Professor Paul Camic is Co-Investigator and Professor of Psychology & Public Health and Research Director, Salomons Centre for Applied Psychology, Canterbury Christ Church University.
Paul Camic's website

Dr Linda Thomson is the project’s Lead Postdoctoral Research Associate and Cognitive Psychologist at UCL.

Dr Bridget Lockyer is the project's Postdoctoral Research Fellow at Canterbury Christ Church University.

Dr Theo Stickley is the project’s External Advisor and Associate Professor of Mental Health at the University of Nottingham.

London and Kent workshops
Workshops held during Nov 2015 provided opportunities for an exchange of ideas about museum sessions for older adults including access, recruitment and suitability of activities.

Workshop presentations & resources:

UCL_MoP_Overview.pdf
Beaney_Discussion_Points.pdf
UCL_Museums_Offer.pdf
Maidstone_Museum_Offer.pdf

For a review of Social Prescribing see:
Chatterjee, HJ, Camic, PM, Lockyer, B and Thomson, LJ (2017) Non-clinical community interventions.
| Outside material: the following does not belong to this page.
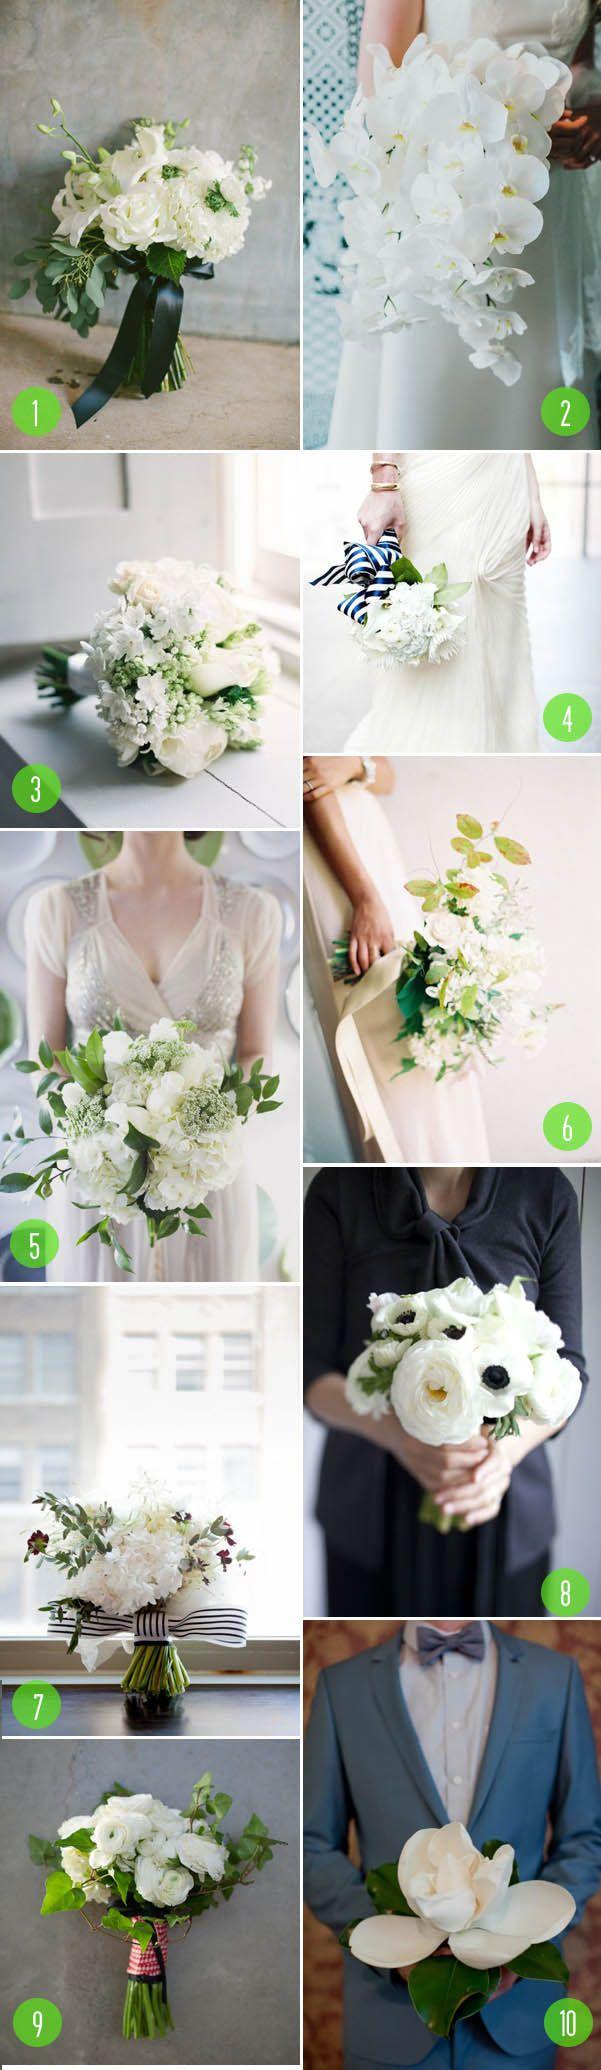 زفاف - Top 10: White Bouquets

A systematised review of social prescribing schemes. Arts & Health. DOI: http://dx.doi.org/10.1080/17533015.2017.1334002

Partner organisations

Age UK Camden, Canterbury, Islington, Maidstone and Tunbridge Wells
Arts Council England
The British Museum
The British Postal Museum and Archive
Camden Council (Housing and Adult Social Care)
Camden and Islington NHS Foundation Trust (Camden Psychological Services)
Canterbury Christ Church University
Canterbury Museums and Galleries
Central Saint Martins Museum and Study Collection
The Claremont Project
Islington Museum and Archives
Kent County Council (Children, Families and Education)
Kent and Medway NHS Partnership Trust
Maidstone Museum & Bentlif Art Gallery
New Economics Foundation (NEF Consulting)
Royal Society for Public Health
Tunbridge Wells Museums & Art Gallery
UCL Museums & Collections

Museums on Prescription is a multi-site collaboration involving a range of partner organisations.